Une incarnation diversifiée : entre ici, toute la Résistance, dans toutes ses formes

Il y a 60 ans, l’entrée au Panthéon de Jean Moulin sort le monument aux grands hommes d’une indifférence à peine interrompue sous la Quatrième République par l’entrée de Louis Braille. Se substituant à l’onction parlementaire, c’est le chef de l’État qui désigne son lieutenant et délégué personnel des années sombres et relance ainsi les grands élans commémoratifs républicains de « la plus longue des Républiques » parlementaires, qui avait consacré Hugo en 1889, Zola en 1908, Jaurès en 1924, il y a un siècle.
Depuis 1964, le Panthéon a de nouveau connu des phases de délaissement sous Georges Pompidou et Valéry Giscard d’Estaing, et un regain prononcé depuis le 10 mai 1981 et l’hommage mitterrandien rendu à Schoelcher, Jaurès et Jean Moulin. Les « grands hommes » de la République ont enfin fait une place, encore trop minoritaire, aux femmes d’exception, de Simone Veil à Joséphine Baker. Quant à la Résistance, au souvenir monopolisé par Jean Moulin jusqu’en 2015, les entrées successives des quatre panthéonisés, à parité, de François Hollande – Geneviève Anthonioz-de Gaulle, Germaine Tillion, Pierre Brossolette et Jean Zay – puis Joséphine Baker et les Manouchian, enfin l’annonce de la prochaine entrée de l’historien Marc Bloch, ont profondément modifié l’image du Résistant, loin des seuls mouvements, maquis ou de La bataille du rail de René Clément.

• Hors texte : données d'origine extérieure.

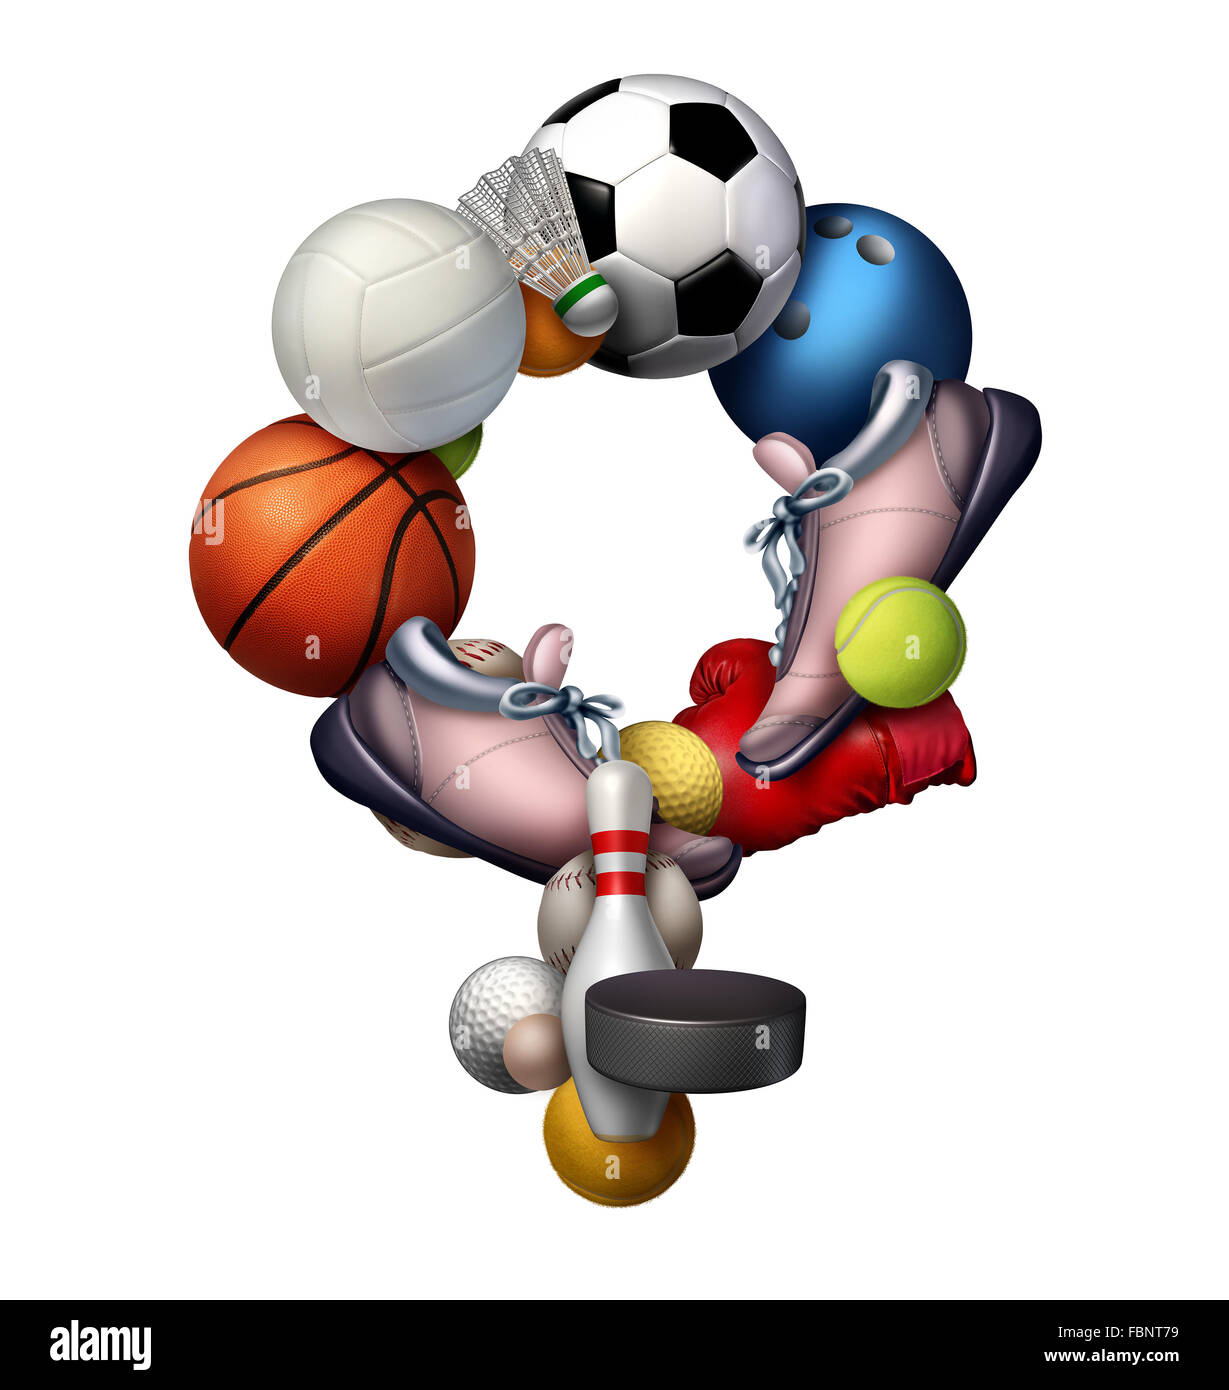 Weibliche Sport Zeichen Symbol und Symbol oder Sport Frauen-Konzept als eine Gruppe von Sportausrüstung wie Fußball Volleyball Tennis geformt als ein Symbol für das weibliche Geschlecht als Metapher für Mädchen Fitness und einen aktiven Lebensstil. Stockfoto

Jean Moulin, notre contemporain

Comme l’a relevé l’académicien Pascal Ory le 17 juin 2023 à Chartres, Jean Moulin est pleinement notre contemporain, par son triple refus fondateur du racisme, de l’antisémitisme et de l’homophobie du nazisme, ces trois haines coagulées dans l’exigence de l’occupant de faire accepter par un haut-fonctionnaire républicain l’ignominie de transférer la responsabilité de crimes de guerre aux courageux tirailleurs sénégalais et aux ordres du « juif » Mandel, ministre de l’Intérieur hostile à l’armistice, inspirateur du départ du général de Gaulle à Londres.

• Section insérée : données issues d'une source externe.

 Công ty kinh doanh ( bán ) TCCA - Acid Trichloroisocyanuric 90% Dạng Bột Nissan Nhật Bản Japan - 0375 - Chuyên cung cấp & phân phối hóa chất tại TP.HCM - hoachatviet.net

Si Mandel était bien « l’homme qu’on attendait » selon la belle formule de Jean-Noël Jeanneney, l’homme ou la femme qu’attend la France de 2024 n’est plus un homme providentiel, mais celle ou celui qui éclairera le chemin d’une réconciliation de la France républicaine avec elle-même, les valeurs de son triptyque, l’ambition universelle de son message de solidarité et d’égalité. Très loin des passions tristes du repli sur soi, très près de l’élan ressenti cet été lors de la fête de l’olympisme, entre accueil du monde entier et fierté de réaliser de grandes choses ensemble. Le message porté par le préfet d’Eure-et-Loir dans sa préparation des 150 ans de la Révolution française en 1939. Les valeurs qu’il a incarnées, du 17 juin 1940 au 8 juillet 1943. Au prix de sa vie, au nom de l’amour de la vie.

*Pierre Allorant, Professeur des universités, est Président du Comité d’histoire parlementaire et politique, Président des Amis de Jean Zay et membre du Comité d’histoire préfectorale de l’Institut des Hautes études du ministère de l’Intérieur. Il vient de publier chez Calype, « Destins », Jean Moulin. Le préfet de la Résistance et Jean Zay. Jeunesse de la République chez Bouquins (avec Olivier Loubes).